A logical clock allows comparable timestamps. However we don't want this logical clock to be centralized, as this become a single point of failure for the system and is not fault-tolerant.
We are interested in distributed logical clocks where each participant has its own clock that collaborates with others.
Concurrent events
Events occurring without the knowledge of others.
Total order
If all nodes have the same collection of events, they can come to the same conclusion. It also means that we can infer causality of events (i.e Compare events to know which one happend before.)
Lamport Clocks
- Timestamps are sequential associated with events
- Each node maintains their sequence starting at 0
- When an event is generated, the sequence is incremented and that number is associated with the event.
- When a node is made aware of an event. It compares it sequence with the number of the event and increases its own sequence if the number is greater.

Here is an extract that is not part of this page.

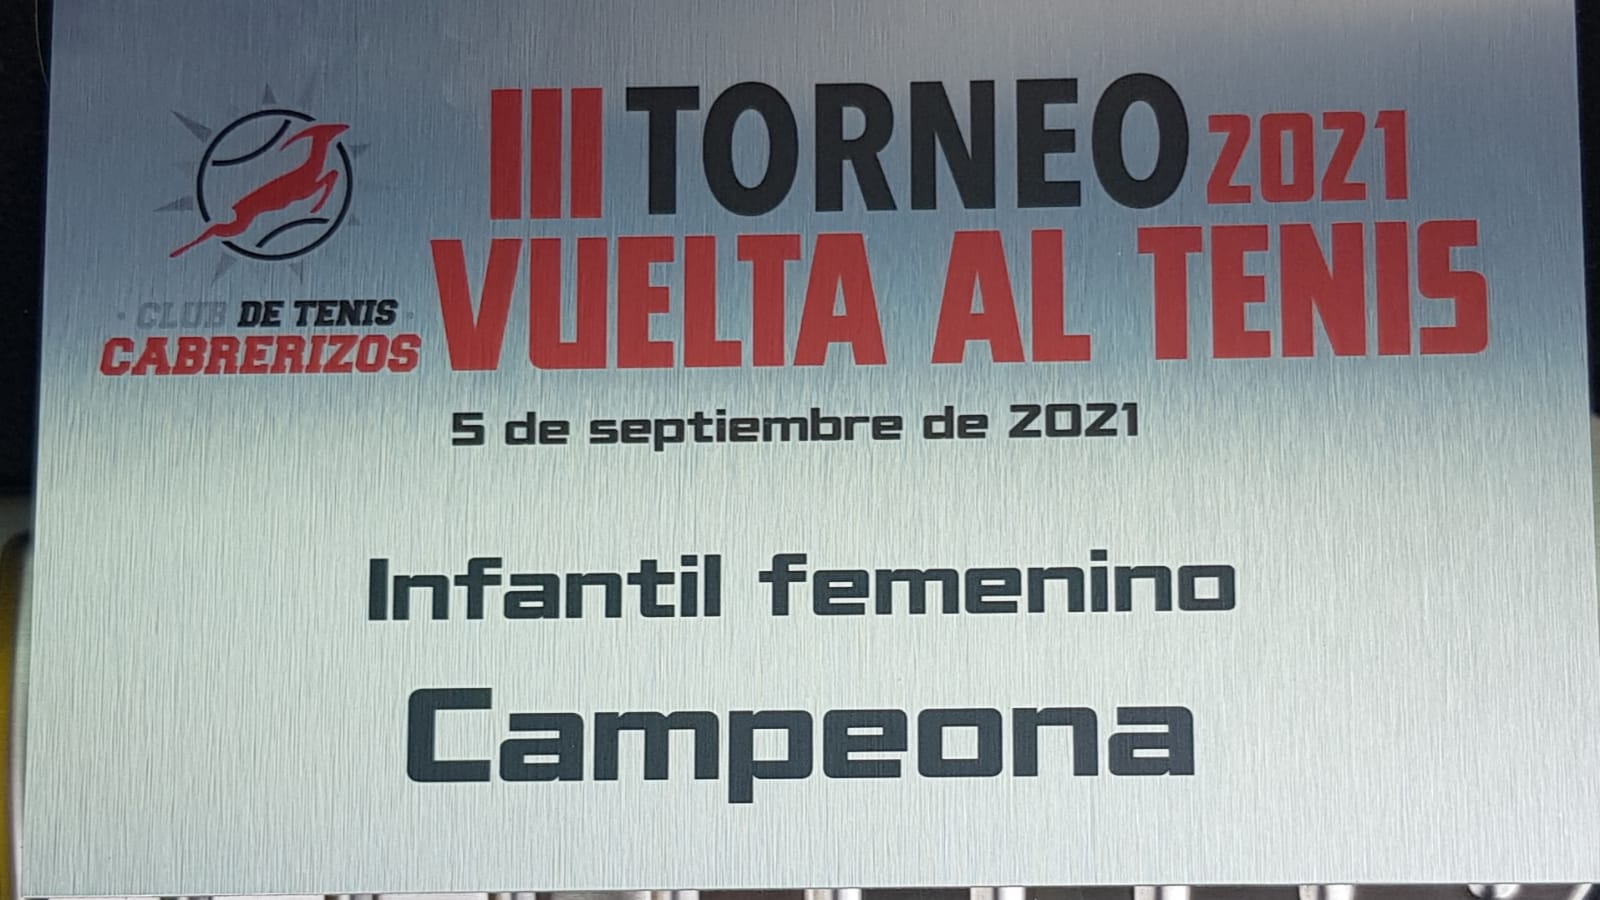  cartel III Torneo 2021 Vuelta al Tenis

Lamport clocks allows comparing events in an historical manner (happened before) after the fact
- Local events remain order, even when mixed with events from other node, since the sequence is monotonically increasing.
Drawbacks
- Total order of event is not deterministic. We cannot distinguish events with the same timestamp.
- Events cannot be ordered in real-time. A node may have generated event [5] and a later time receive a [4] timestamp. If preserving order for non-concurrent events is important, Lamport clocks is not suitable.
- Cannot tell if an event occured after another, if the events are concurrent.
Lamport Origin Clocks
The Lamport original clocks also embeds the node id in the timestamp to be used as a second sort key. This allows having a deterministic sort order, because we can now distinguish events with identical timestamps.
Vector Clock & Dotted Vector Clock
The space complexity of vector clock is O(n), where n is the number of nodes. The timestamp keeps track of the last known event ID for each node.
For example consider the timestamp [3,4,0] originating from node B:
- There are 3 nodes in the system
- The fourth events generated by node B
- it precedes events like [4,5,2], because [4,5,2] is aware of events implied in [3,4,0]
- It is concurrent with [0, 2, 2], because [2] on Node C happened without knowledge of [4] on node B
Comparison
- If all values are equal, timestamps are identical
- If some values are lower or equal and some are greater, than the events are concurrent.
- If one or more entries are lower or equal, but none are greater, The timestamp with the lower entries precedes the other one.
Applications
- Collaborative editing such as Google docs
- CRDTs (Conflict-free replicated data types)
- Multi-leader storage systems